### [Work to complete]
In the listing below, locate the line containing "Cigna Healthcare Company Logo PNG" and copy it and every line after it through the end, exactly as written, leaving out any pictures.

### [Data segment]
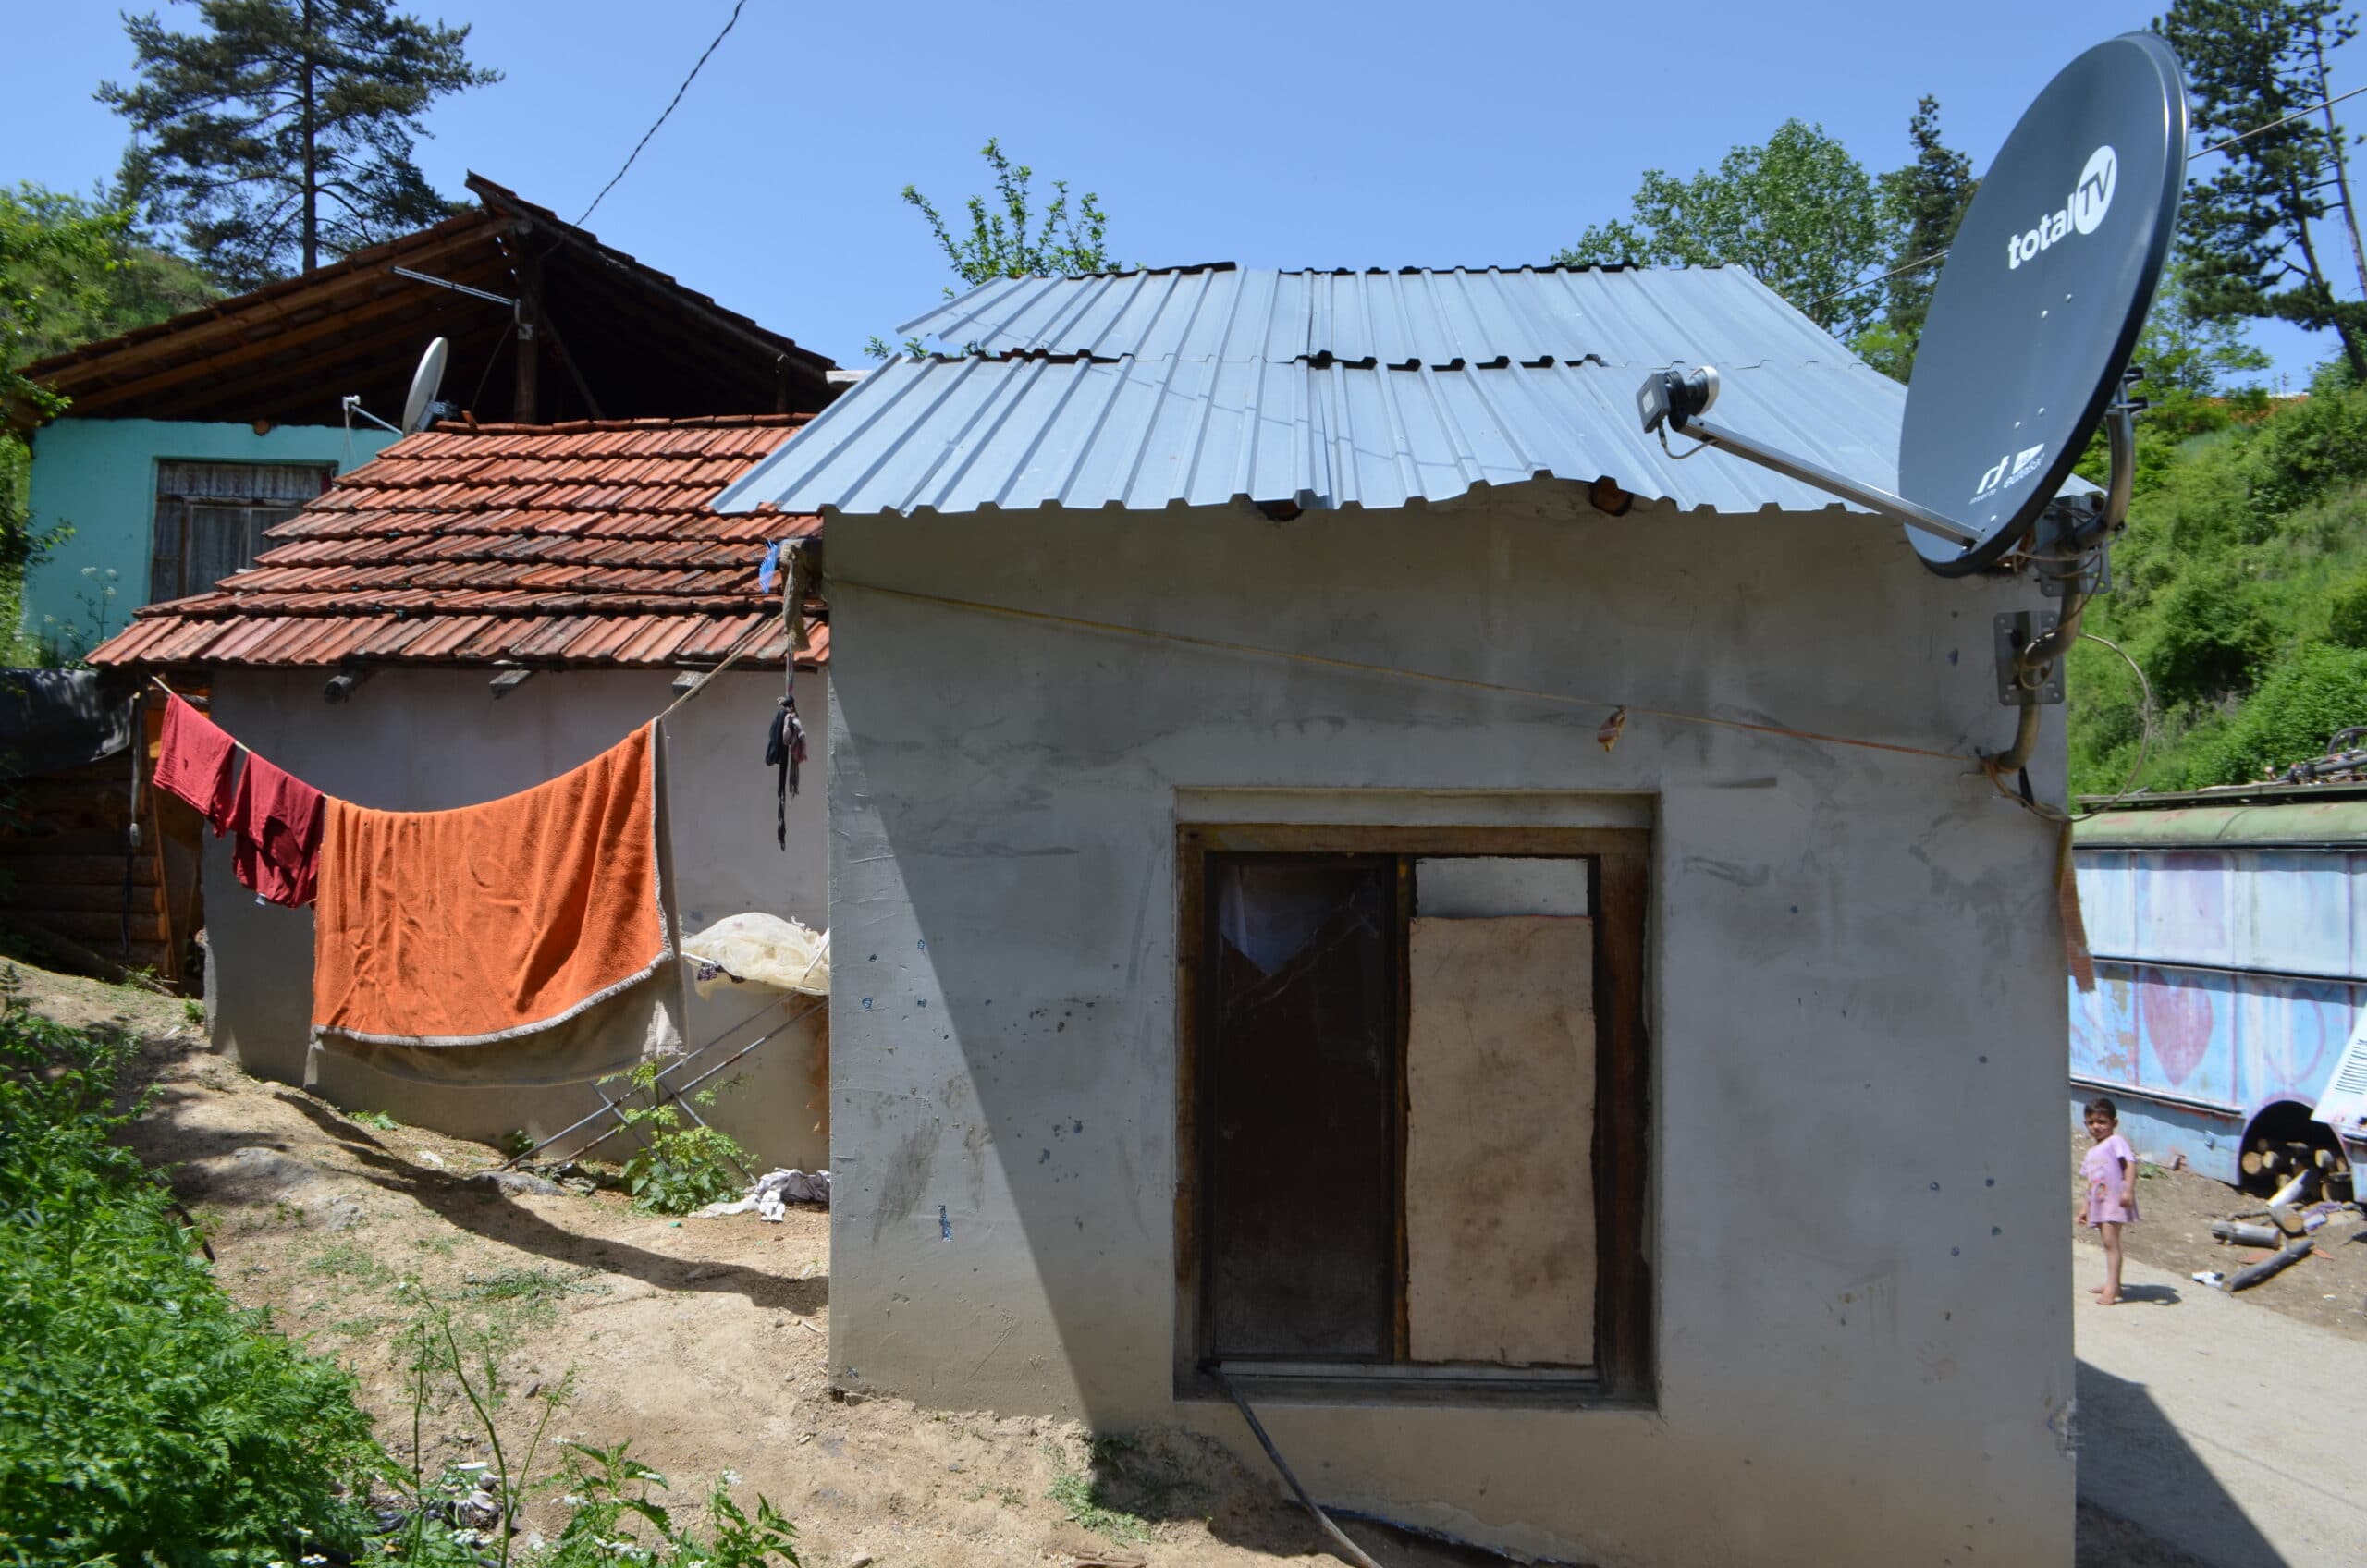 "Da me hoće Gospod pa da umrem, da se ne mučim više": Život u bedi meštana Laloša, nedaleko od Bosilegrada, najvećem getu u Srbiji 7
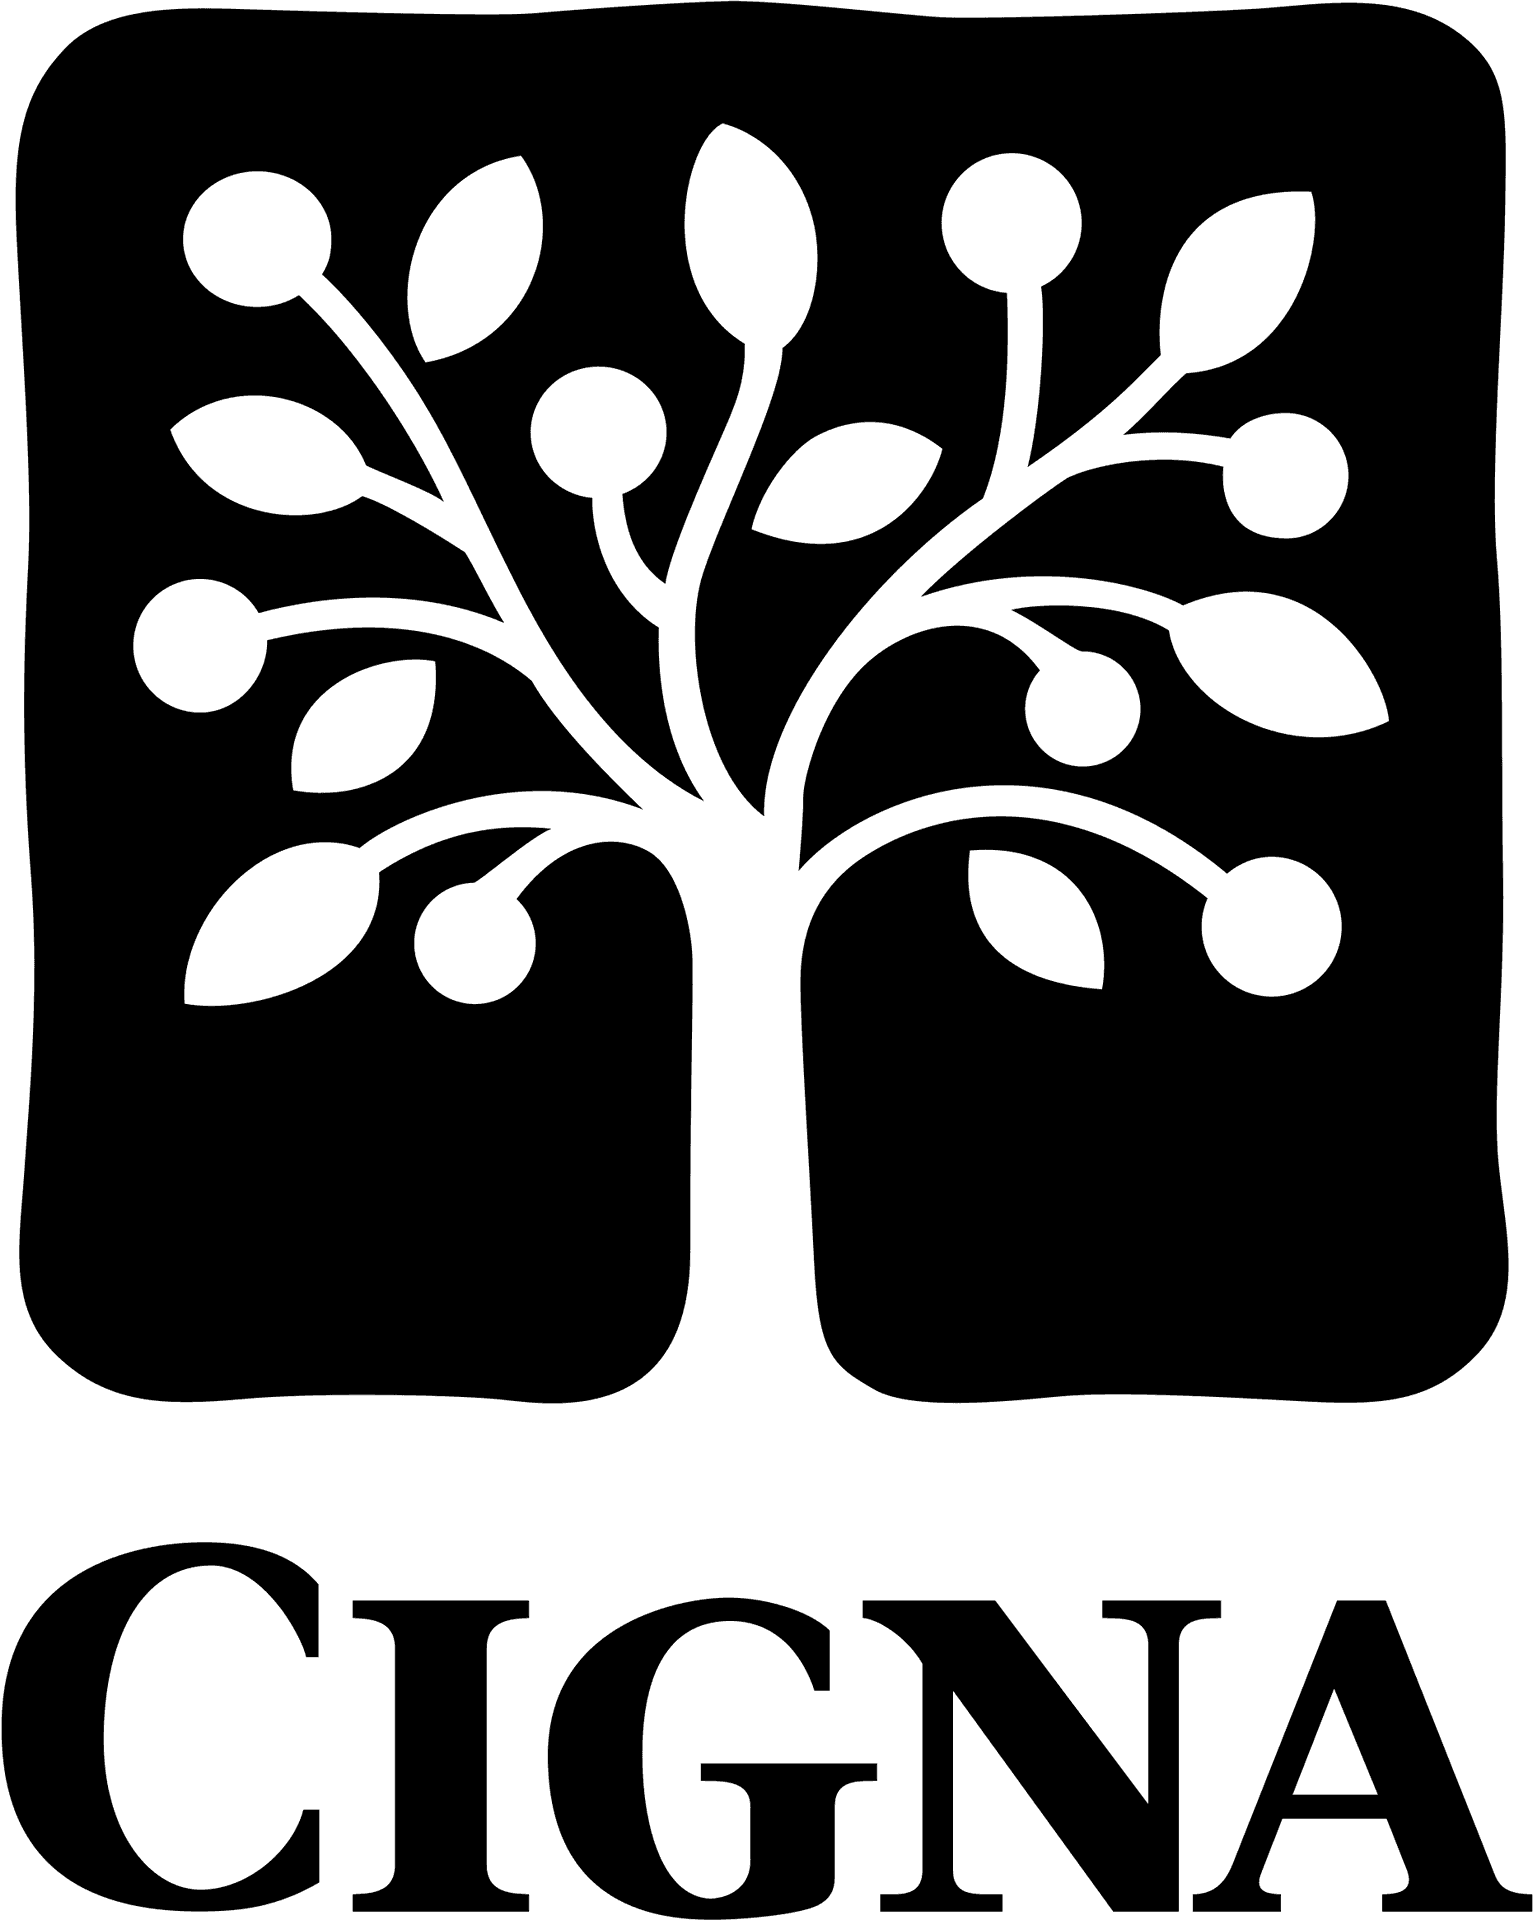 Cigna Healthcare Company Logo PNG
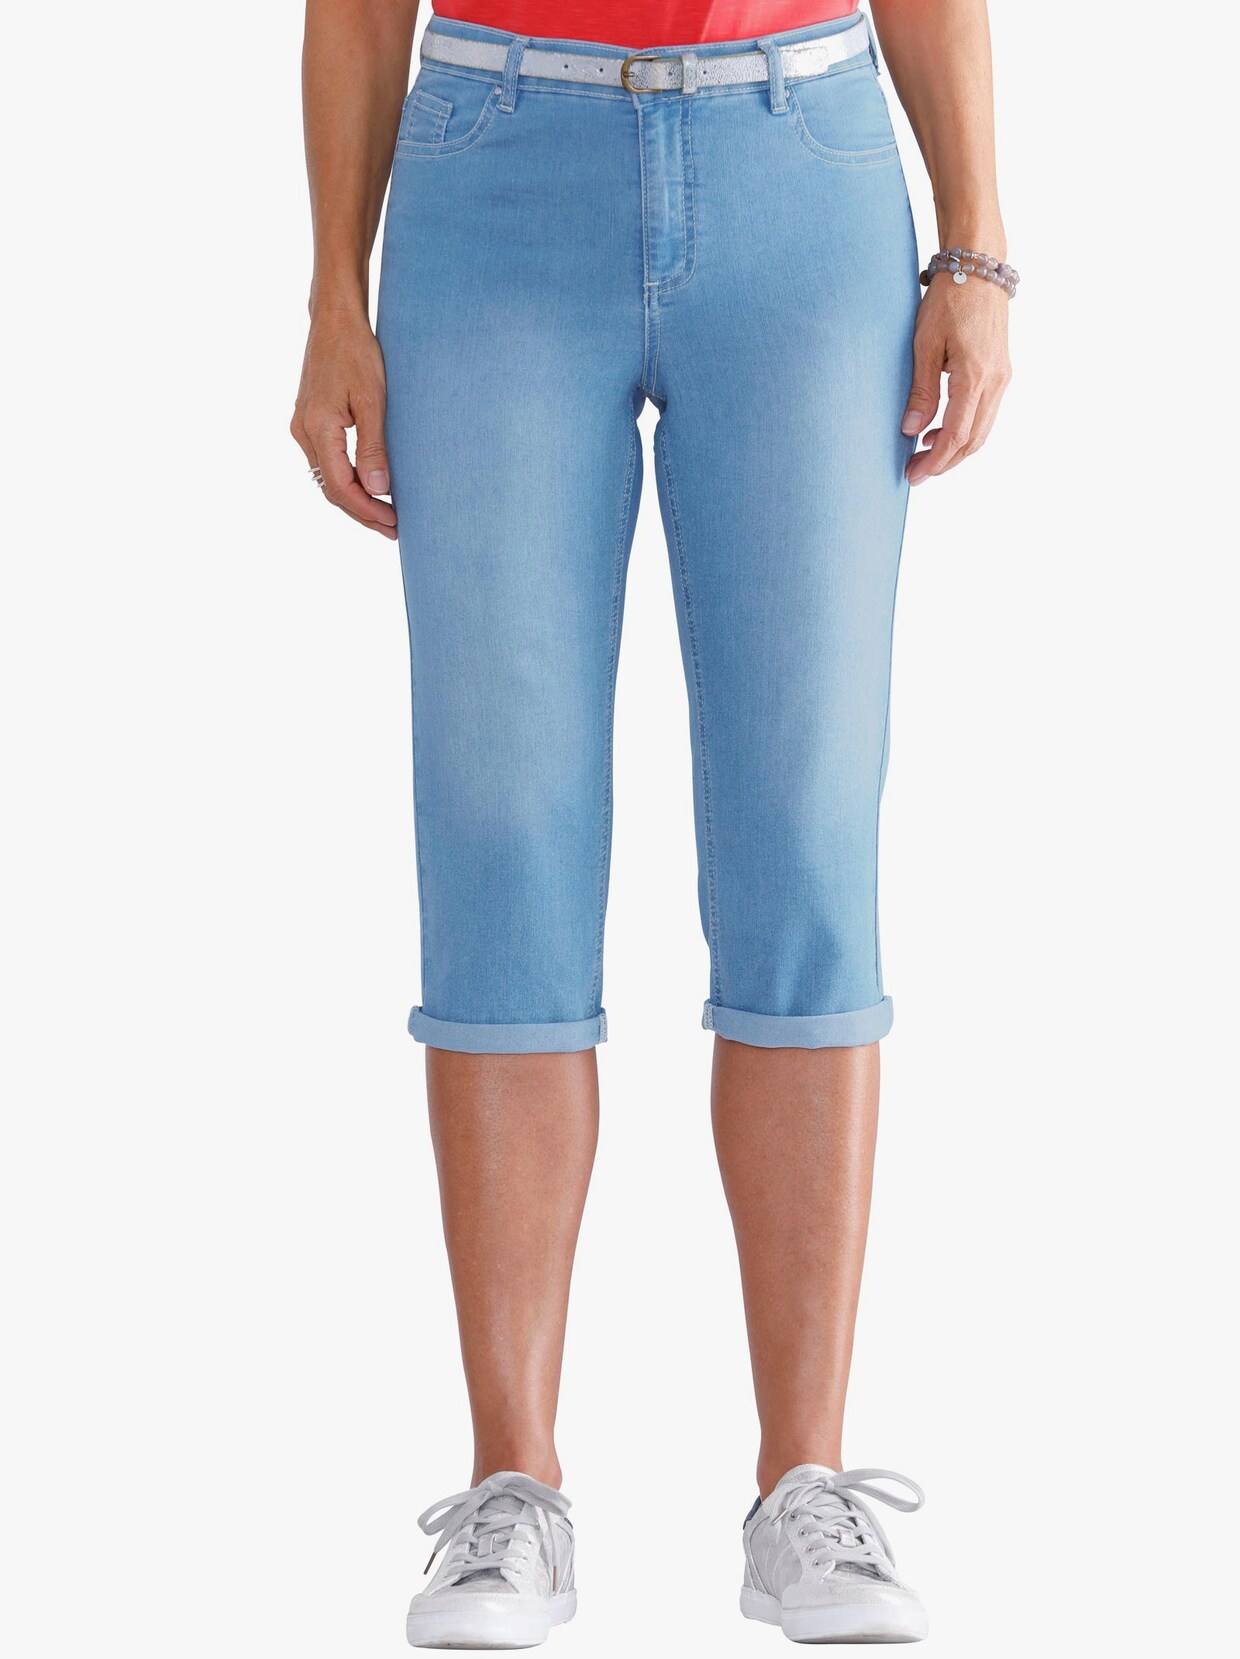 Capri kalhoty - bělená modrá

### [Your response]
 Cigna Healthcare Company Logo PNG
 Capri kalhoty - bělená modrá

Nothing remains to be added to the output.